BP chief executive Tony Hayward is expected to quit imminently with a payoff of up to 18.5 million dollars despite being lambasted over the Gulf of Mexico oil spill, British media reported on monday.
The size of the payoff, which must be agreed by a BP board meeting in London on Monday, risks sparking fresh controversy as the British based firm battles to rebuild its reputation after the worst environmental disaster in US history.
BP has insisted no final decision has yet been made on the future of Hayward, whose string of public relations gaffes during the crisis included telling reporters "I want my life back" and joining a yacht race.
"BP confirms that no final decision has been made on these matters," a spokesman for the energy giant said. "Any decisions will be announced as appropriate".
The company's share price was up over two percent at 407.05 pence on London's FTSE 100 on the news. The firm has lost about 40% of its stock market value since the spill.
Hayward has drawn criticism from US President Barack Obama who said he would have fired him and other senior figures in the US over his handling of the aftermath of the April 20 disaster which killed 11 workers.
But he could still get a pay off and pension package worth around 12 million pounds (14.4 million euros, 18.5 million$), The Times and the Financial Times newspapers reported.

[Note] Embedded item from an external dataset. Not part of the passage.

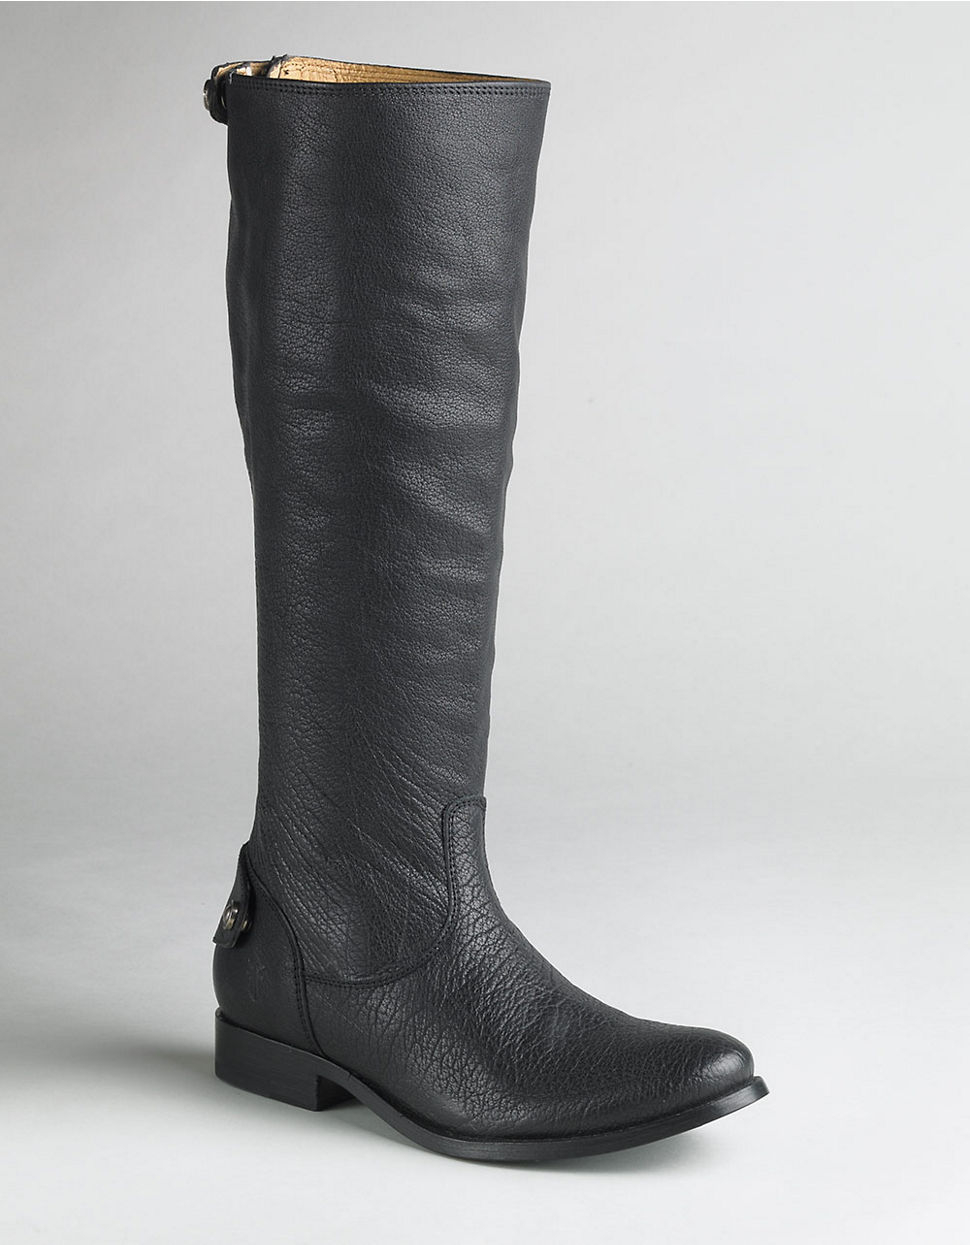 Frye Melissa Button Back-Zip Boots in Black (black leather) | Lyst

He is expected to be replaced by Bob Dudley, who grew up in Mississippi and is now in charge of the Gulf of Mexico cleanup operation. BP has said Dudley has a "deep appreciation and affinity for the Gulf Coast".
A decision on Hayward's future is likely ahead of the release of BP's second quarter results on Tuesday which are expected to reveal a 30 billion$ provision for funding the disaster.
Hayward's reported payoff is the equivalent of one year's salary plus a guaranteed pension. Hayward, 53, started his career with BP 28 years ago and took over as chief executive in 2007.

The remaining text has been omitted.